Third National Bank & Trust Co. of Scranton v. Lehigh Valley Coal Company,
353 Pa. 185, 193, 44 A.2d 571 (1945).
See also Horsham Township v. Weiner,
435 Pa. 35, 255 A.2d 126 (1969) and
Wingert v. T.W. Phillips Gas & Oil Co.,
398 Pa. 100, 105, 157 A.2d 92 (1959)).
As Flexaust also correctly observes, unjust enrichment is an equitable doctrine which implies a contract requiring a defendant to pay the value of benefits conferred, and
quantum meruit
is a form of restitution applicable in such cases.
See id.
at 14-15 (citing cases, including
Mitchell v. Moore,
729 A.2d 1200, 1203 (Pa.Super.1999);
Hershey Foods Corp. v. Ralph Chapek, Inc.,
828 F.2d 989, 998 (3d Cir. 1987) (explaining that “where an express contract governs the relationship of the parties, a party’s recovery is limited to the measure provided in the express contract”)).

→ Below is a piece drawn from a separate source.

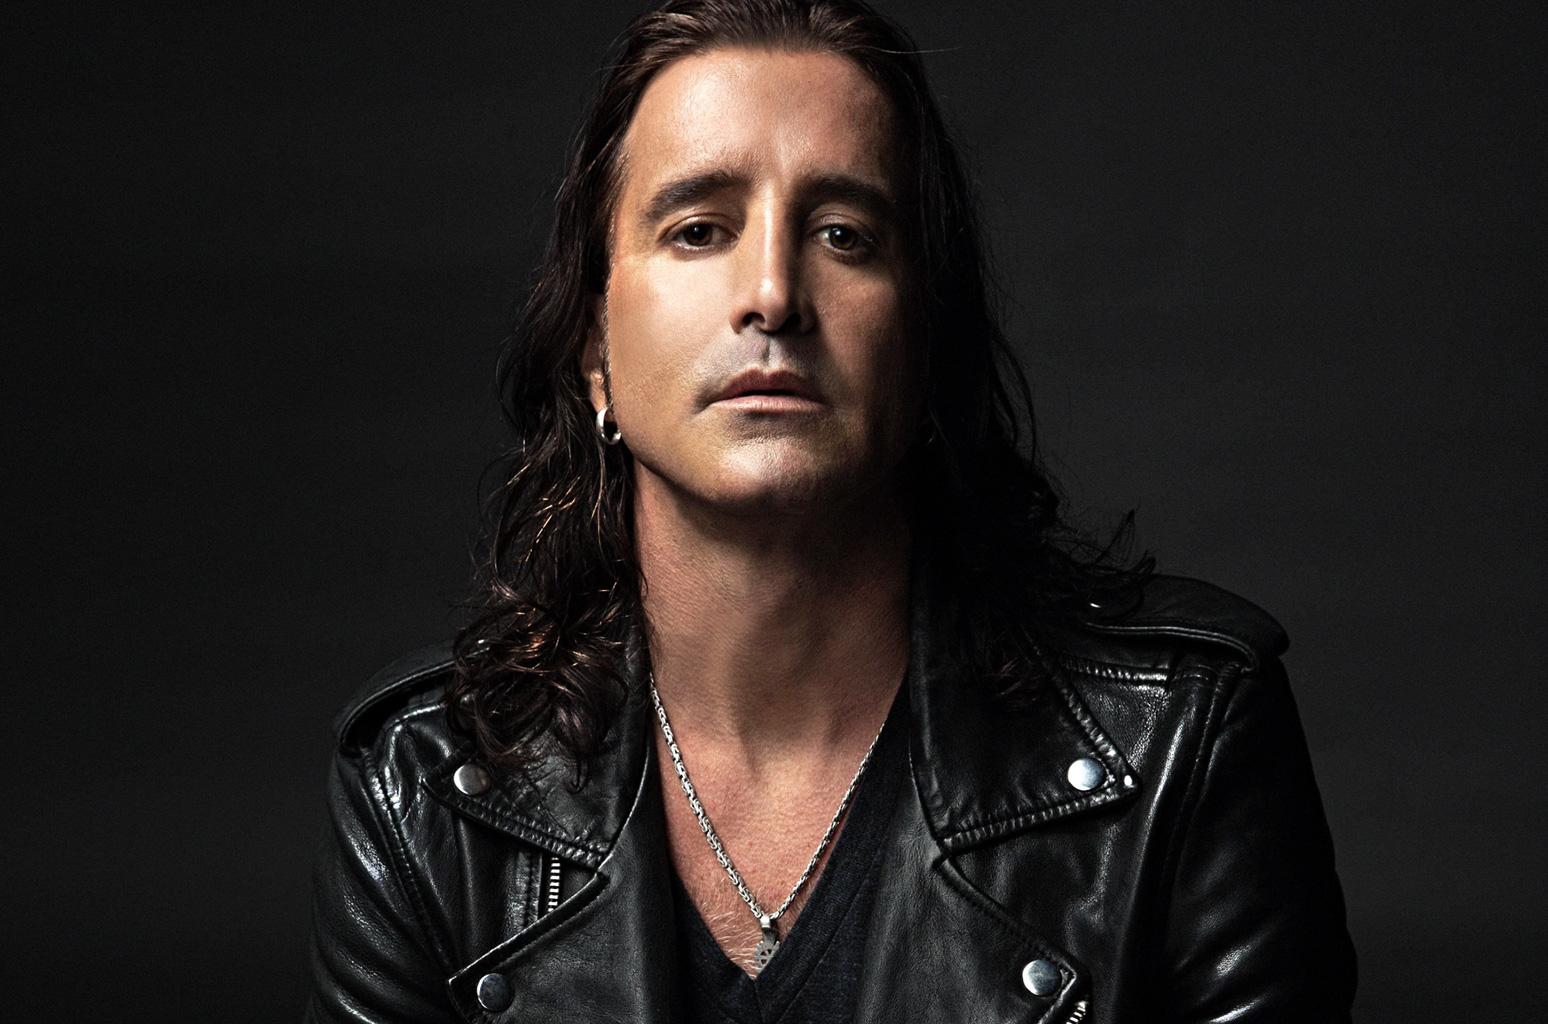 Ganhador do Grammy, vocalista do Creed fará show em Curitiba
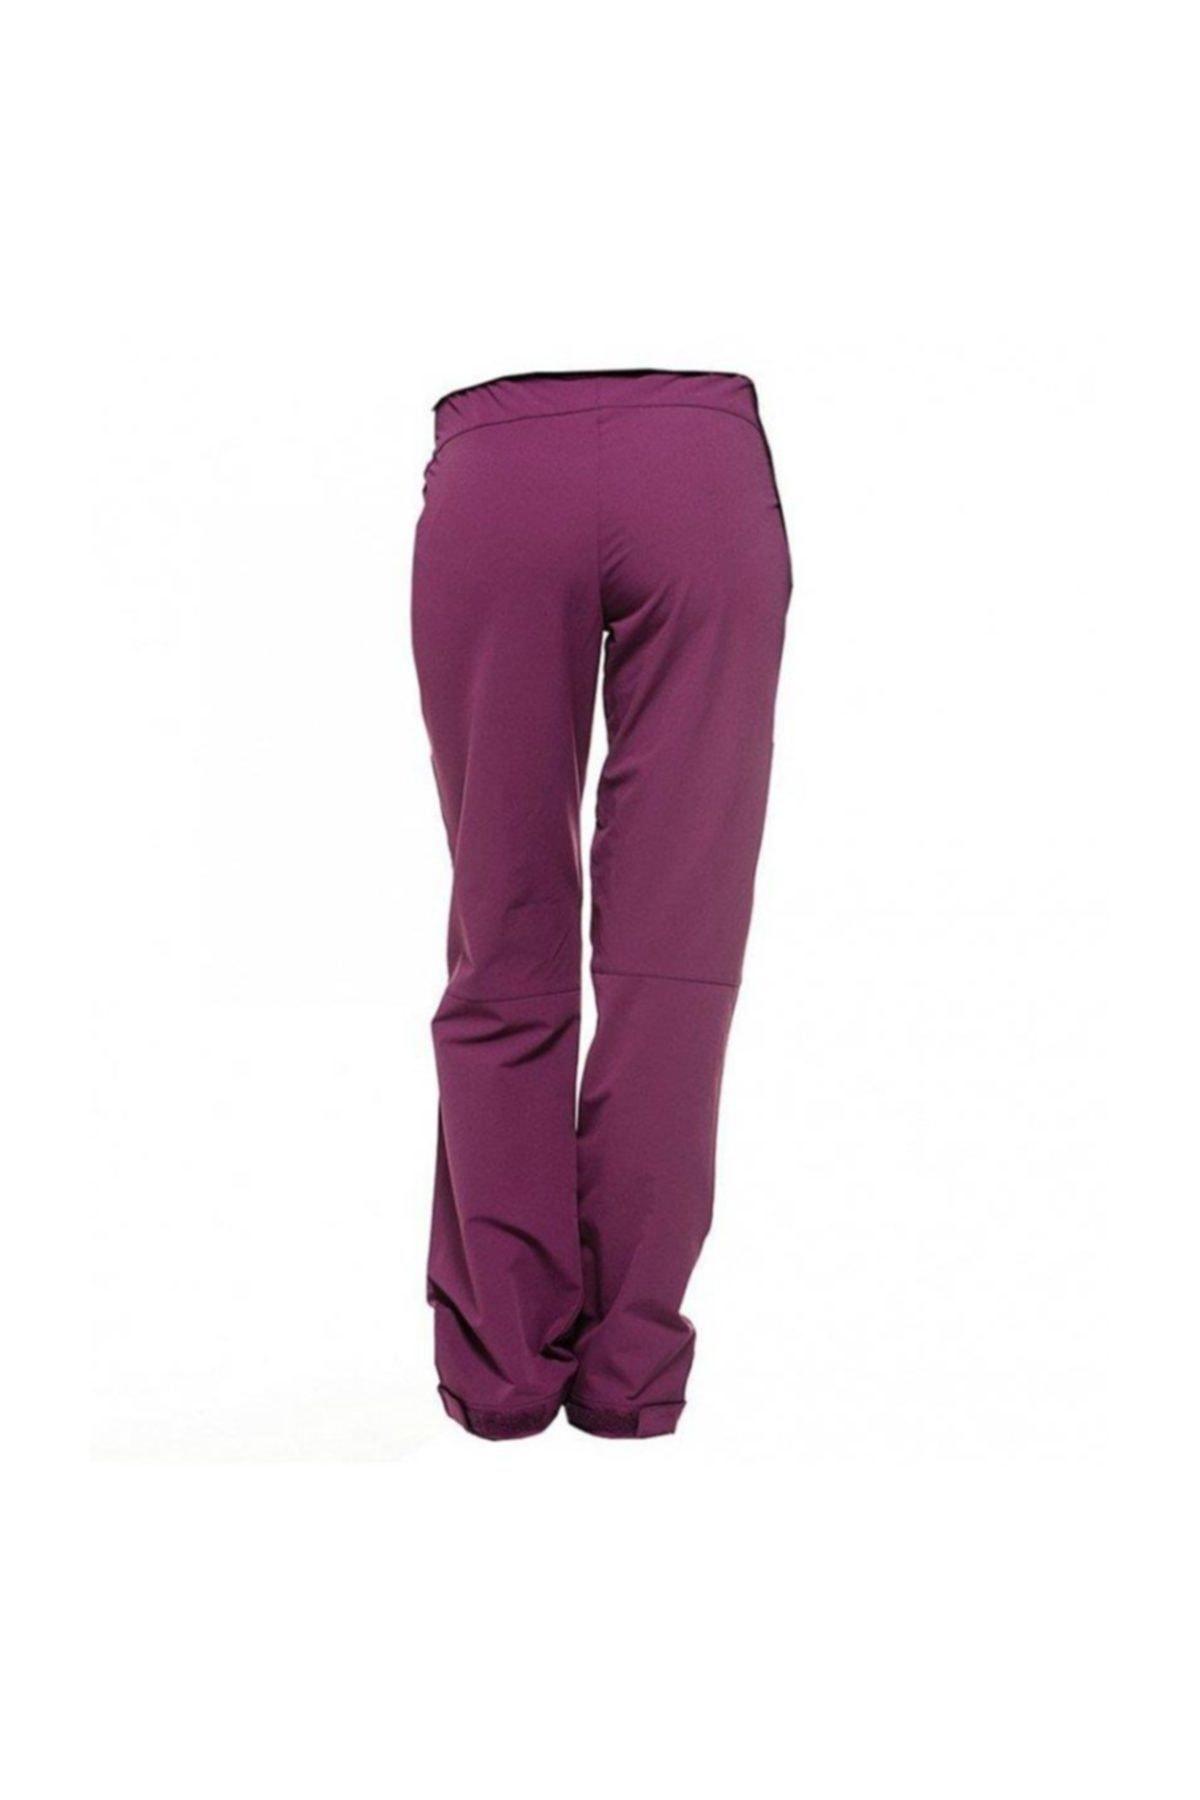 Jack Wolfskin Activate Pants Kadın Pantolon 2

Although KDL was entitled, under Pa. R.C.P. 1020, to plead a claim for unjust
enrichment/quantum meruit
in the alternative,
because this Court concludes that the matters in dispute
are governed by the terms of the parties enforceable written agreement, KDL’s claim is one for breach of contract.
Y.
Conclusion
An Order consistent with the Memorandum Opinion will be entered.